15年目の小さな試練
「とりあえず、うちの部屋に来るかい?」

 久保田教授の言葉はありがたいけど、山野先生の動向が気になる。

 今はまだ呆然としているだろうが、しばらくして我に返ったら、真っ先に久保田教授のところに来る気がする。

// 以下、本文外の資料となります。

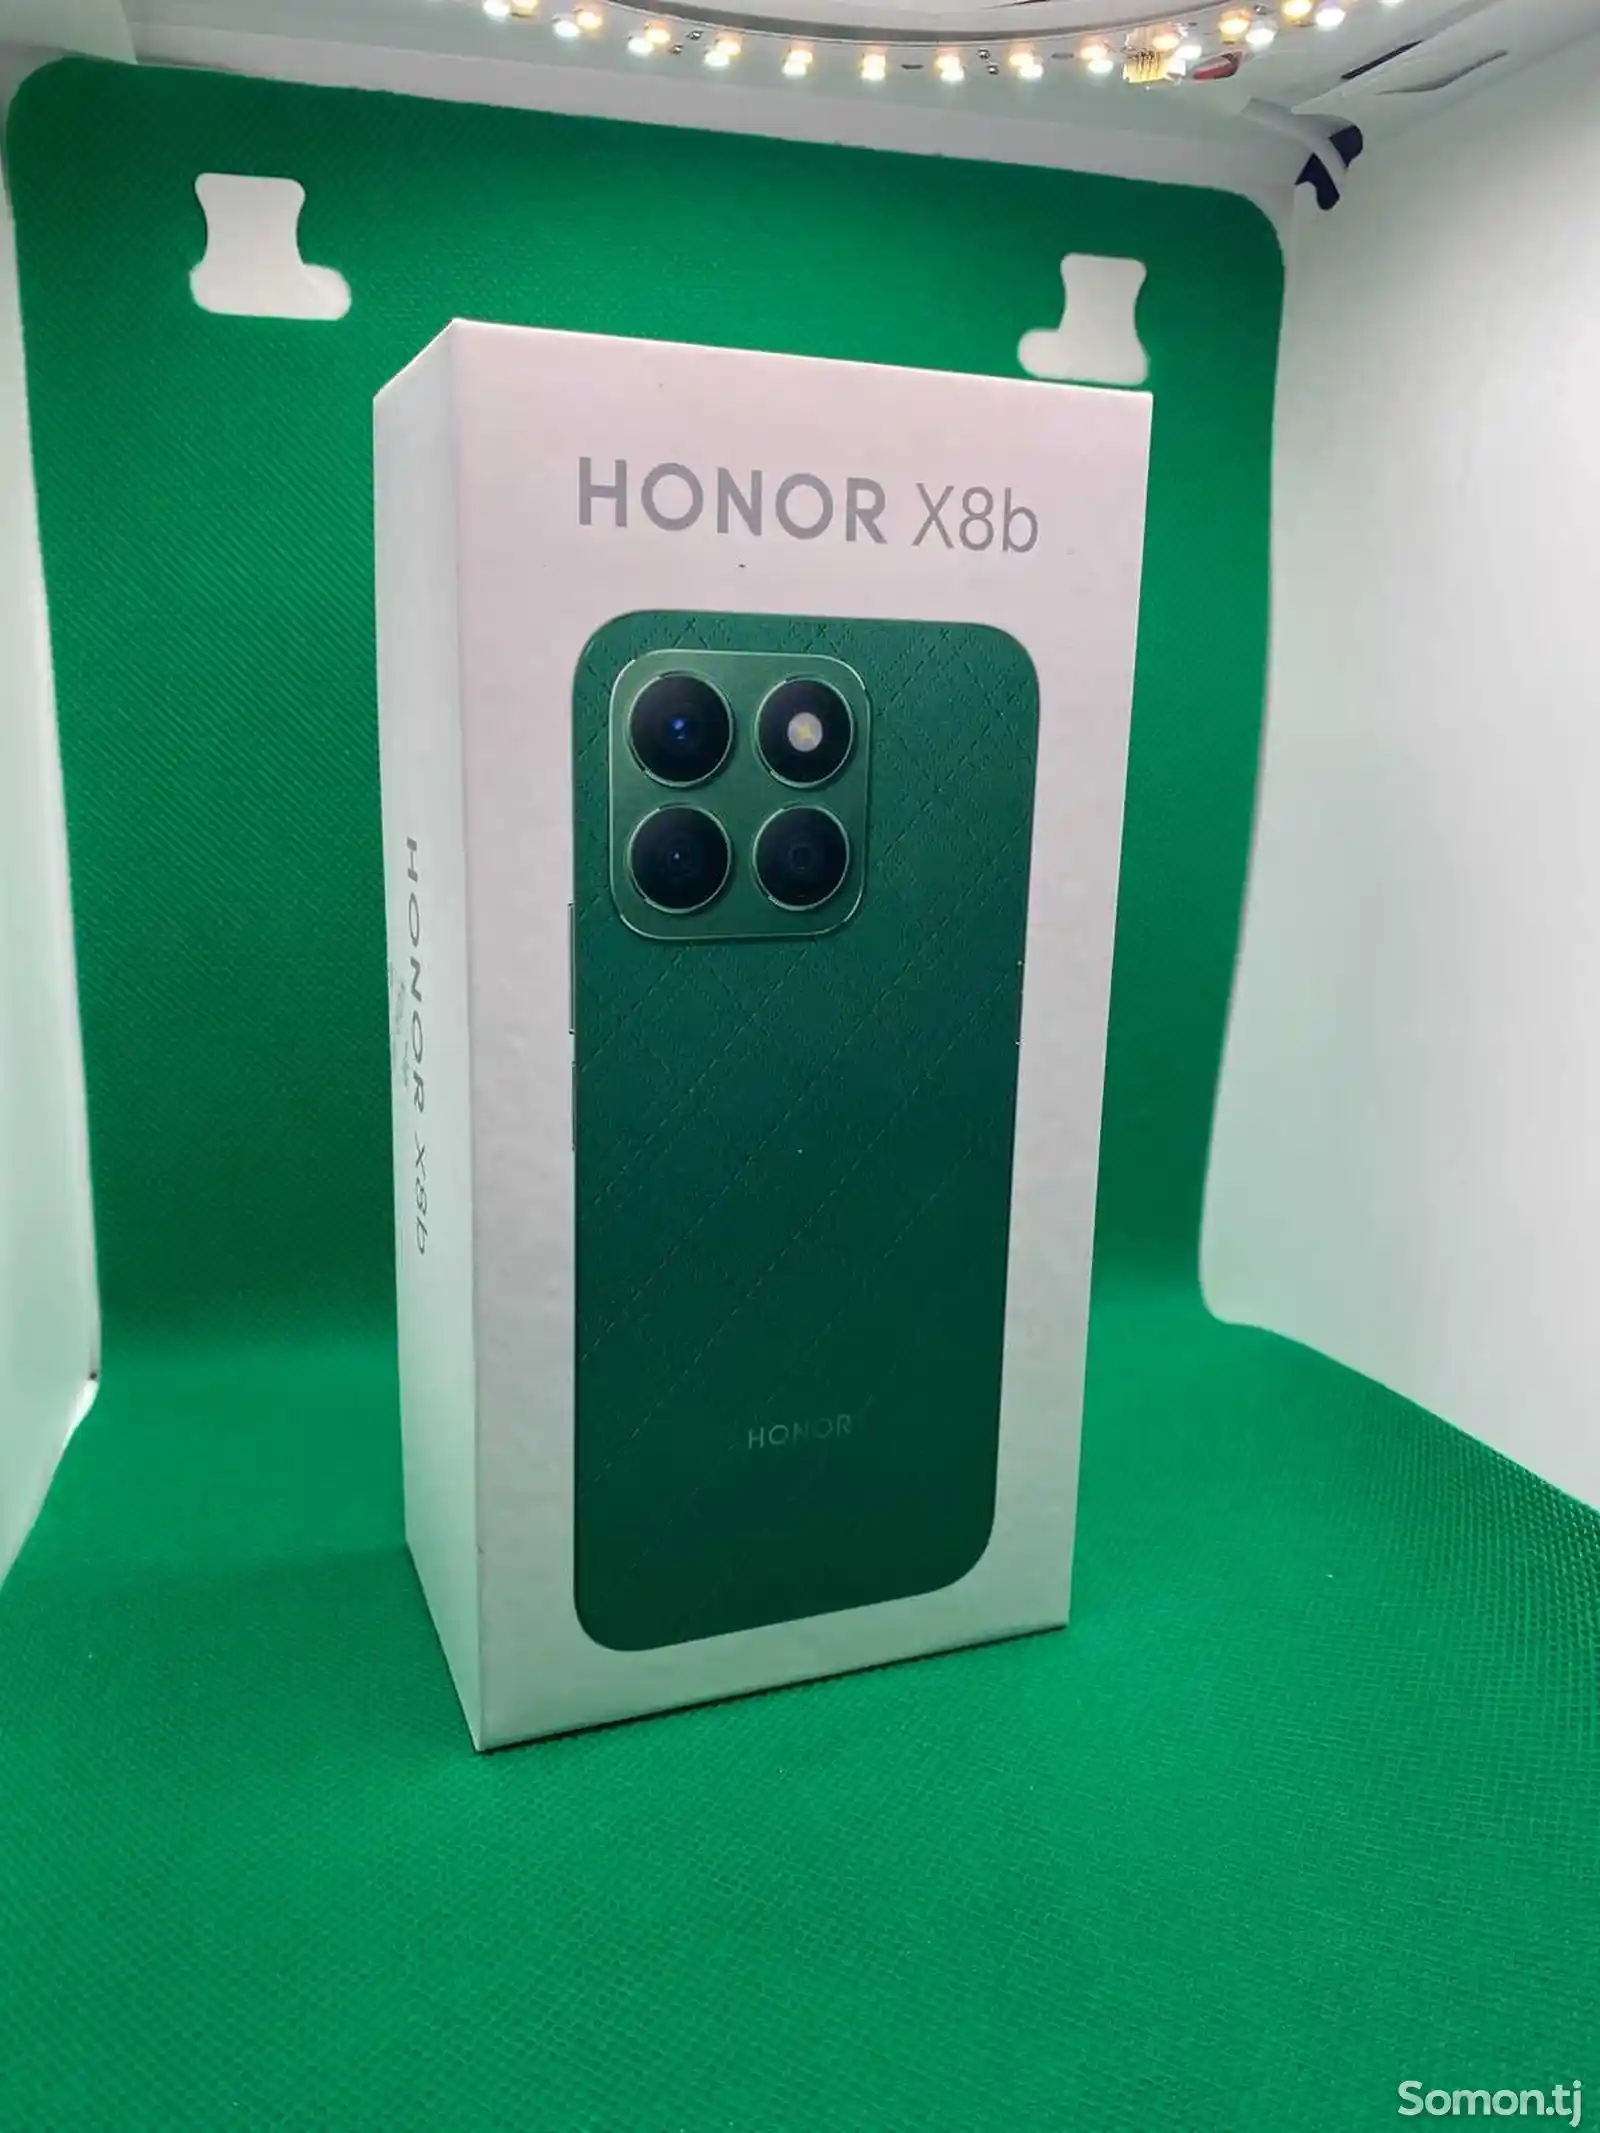 Huawei Honor X8b-1
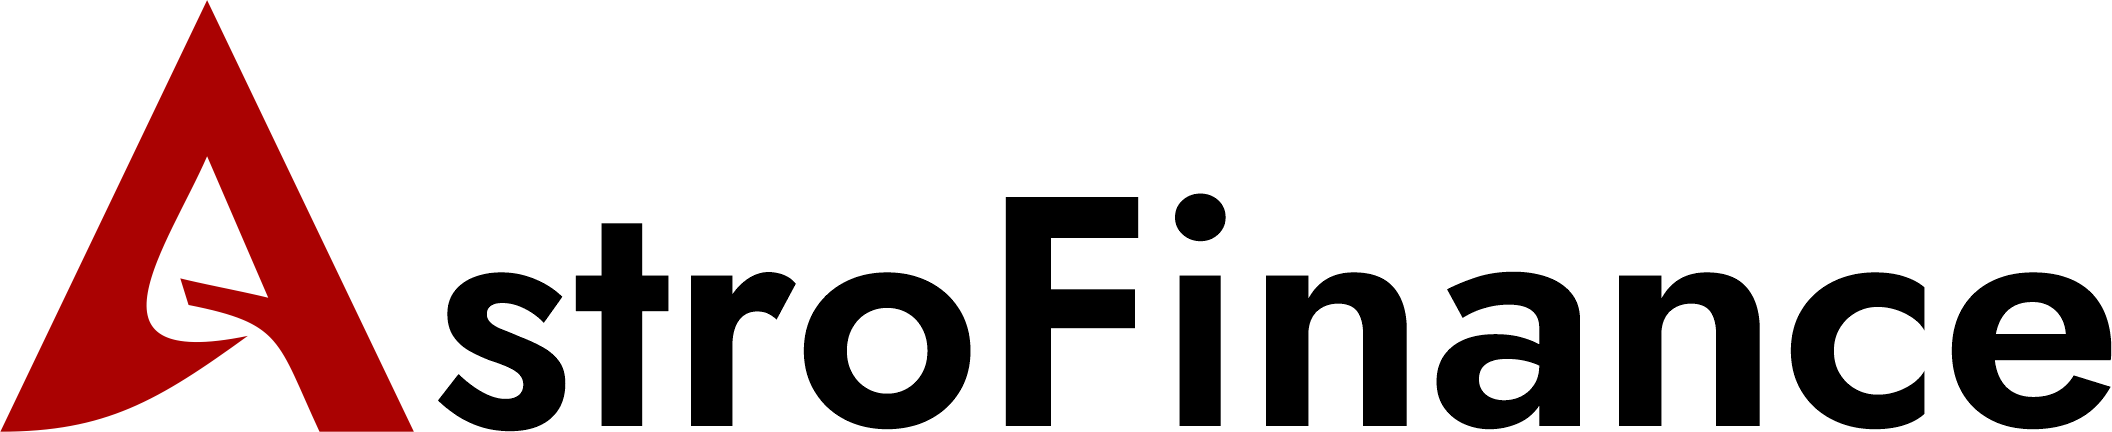 logo_astrofinance

「いえ、山野先生が訪ねてくる気がしますし、今日は失礼します」

「ああそうか、確かに……」

 久保田教授は眉をひそめて、山野先生の部屋の方を振り返った。

「じゃあ、ハル、帰ろうか。車はもう来てるから」

 叶太はハルちゃんの肩を抱いて、ハルちゃんを連れて行こうとしたけど、ハルちゃんがそれを慌てて止めた。

「ちょっと待って?」

 ハルちゃんは叶太の腕から抜け出し、久保田教授の方に向き直った。

 そして、

「ありがとうございました」

 と、久保田教授に深く頭を下げた。

 深く長い礼に、ハルちゃんの気持ちが込められているような気がして、何だか切なかった。

 人と争うなんて考えた事もなさそうな口下手なハルちゃんが、悩んだ末に選んだ山野先生との会話。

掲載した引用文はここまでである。